Через месяц я сказала Эдвардсу, что стану его женой. На другой день мы уехали в Мадрид.
Прежде чем покинуть Базель, я послала Таде красивый стакан из венецианского стекла. «Хрупкость этого стекла, — телеграфировал он мне, — не сравнится с моей вечной любовью». Это было очень мило, очень литературно и очень бесполезно. Все кончилось, страница была перевернута.
Хотя я и приняла окончательное решение, помню, как, уезжая из Базеля холодным туманным утром, я ощутила странный жар от слез за запотевшими стеклами автомобильных очков. В последний раз я плакала над этой драматической сделкой, предметом которой была я сама.
С тех пор как я обещала Эдвардсу стать его женой, он удвоил предупредительность, внимание, любезность и дал волю своей радости. Этот человек, который был на тридцать лет старше меня[125], стал очень весел, он вновь обрел юношескую беззаботность. Его любовь, такая пылкая и нежная даже в своем неистовстве, не могла не тронуть. Ощущение его силы и власти дало мне чудесное чувство защиты и покоя после кошмара неуверенности, постоянной тревоги, в которых я жила последнее время с Таде. Кончились зыбучие пески. После того как, казалось, мною играли стихии, я прислонилась к могучему утесу.
После короткой остановки в По мы прибыли в Мадрид. Почему именно в Мадрид? Я никогда этого не узнала. Альфреду хотелось увезти меня в Мадрид, а мне — лишь бы быть подальше от Парижа и не слышать о Колошваре. Как только мы достигли согласия, Альфред отразил угрозы кредиторов и продолжал платить Таде жалованье директора. Таким образом я твердо решила больше не думать об этом деле.
В Мадриде мы были совершенно инкогнито и, следовательно, совершенно свободны от всех светских обязательств. Эдвардс не замедлил найти себе занятие — оно состояло в том, что он покупал мне веера. Никогда я не могла вообразить, что существует столько драгоценных вееров. Из кружев, из раковин, из золота, из слоновой кости. Были еще лакированные, были расписанные лучшими художниками XVII или XVIII века… Альфред никак не мог остановиться в своей охоте за веерами. Он все покупал и покупал, а я не могла удержать его.

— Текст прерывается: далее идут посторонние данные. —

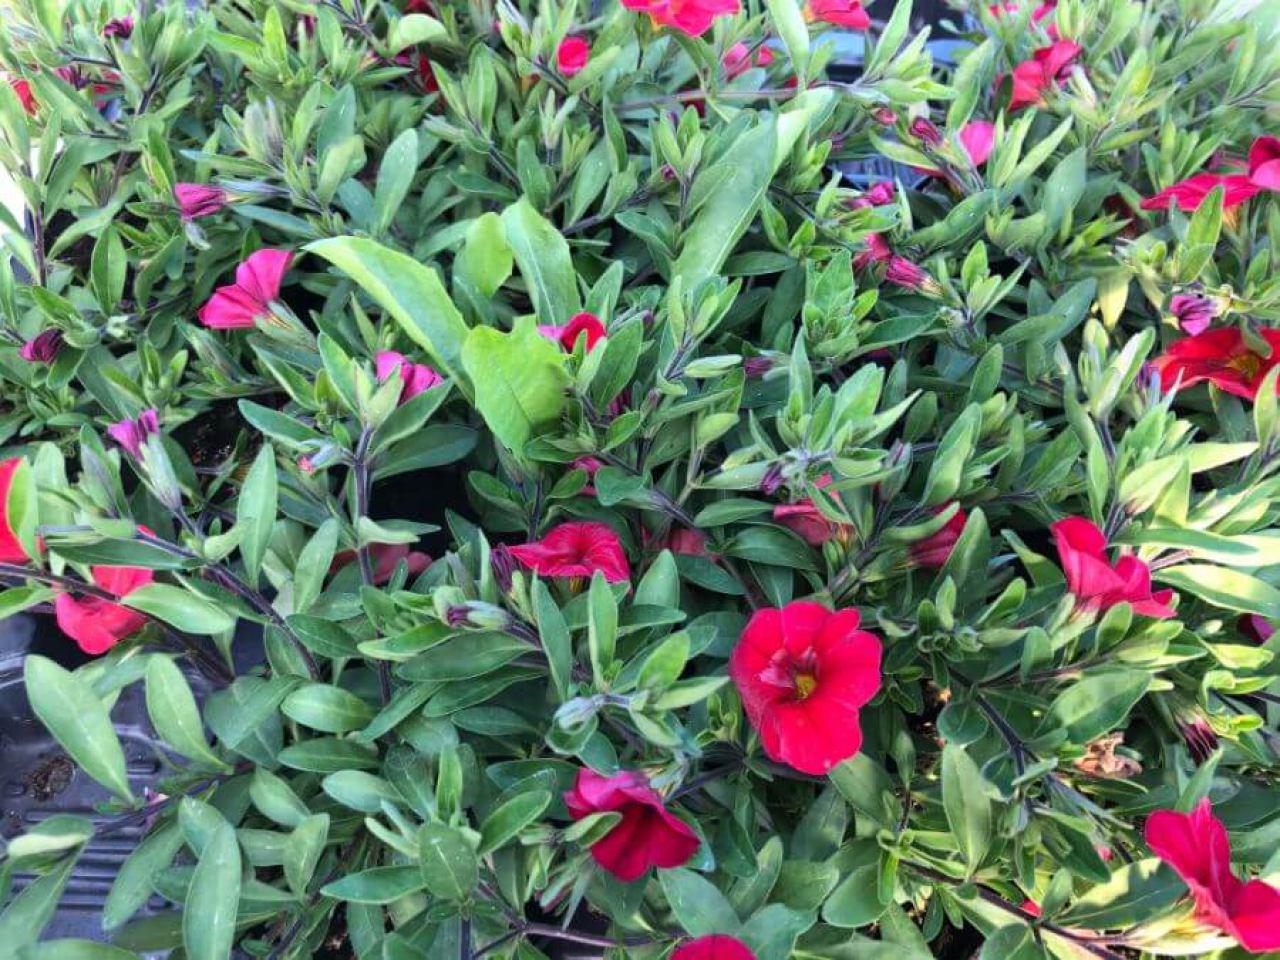 flora-commerce-3338117414.jpg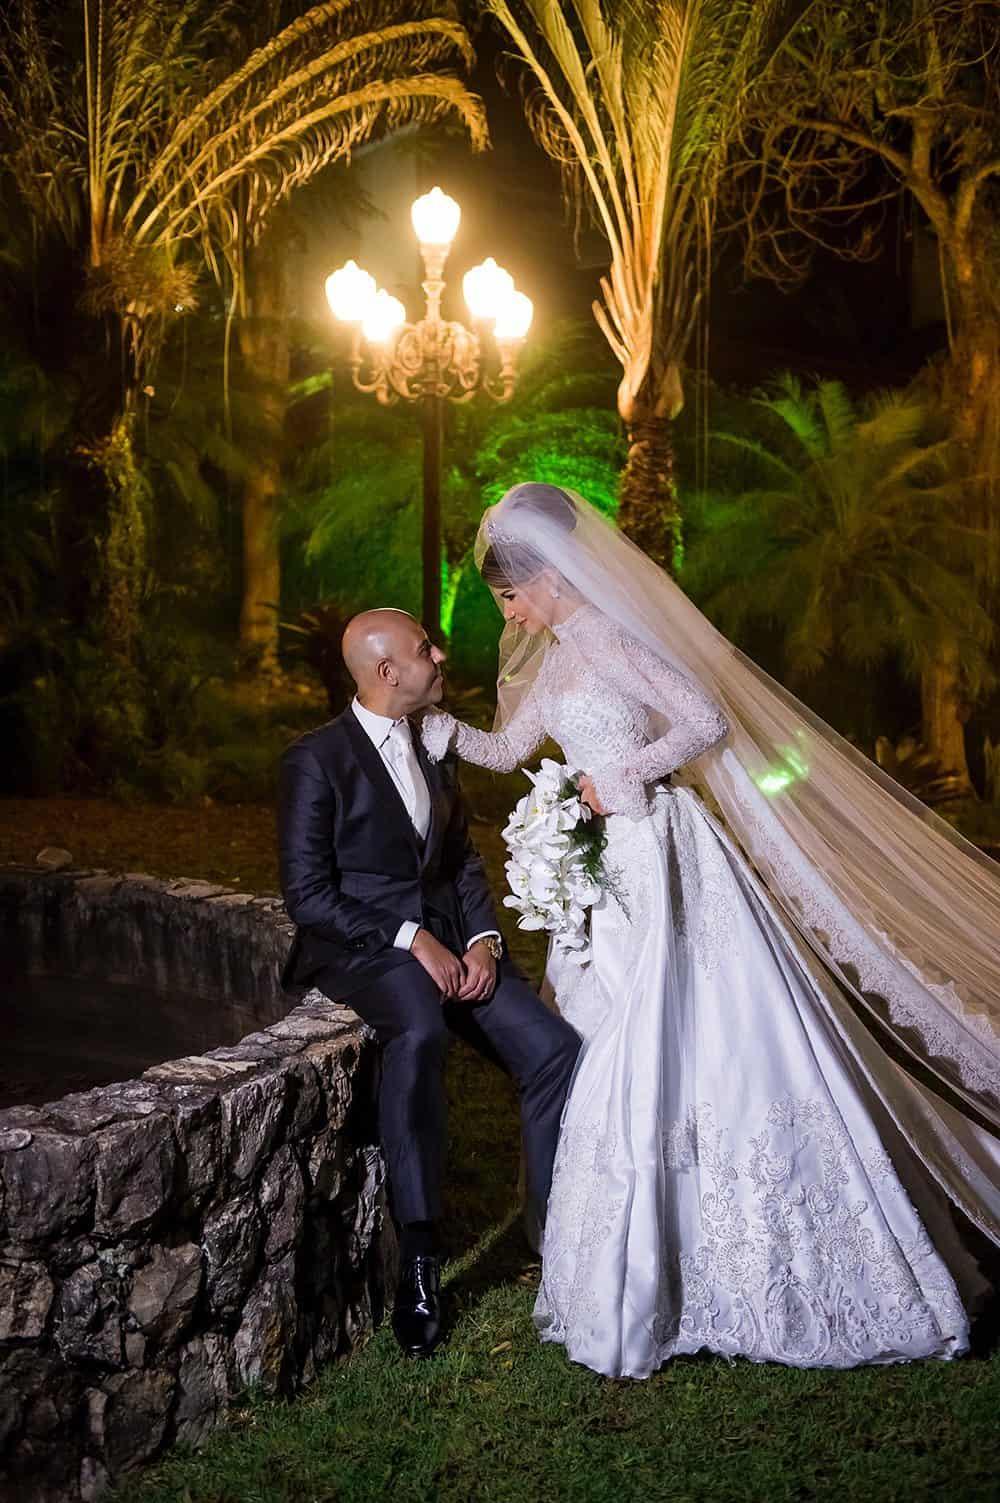 casamento-rafaella-santos-e-jaime-25

Когда я уставала от этих экспедиций, он отправлялся один, тщательно заперев меня на ключ в моей комнате. Так, взаперти, я проводила целые дни. Безусловно, к Эдвардсу можно было применить выражение «ревнив как тигр», и я не удивилась бы, услышав, как он рычит за моей дверью. К кому, бог мой, у него было основание ревновать в этом городе, где я абсолютно никого не знала? Но он не мог спокойно уйти, не заперев меня, как в сейфе.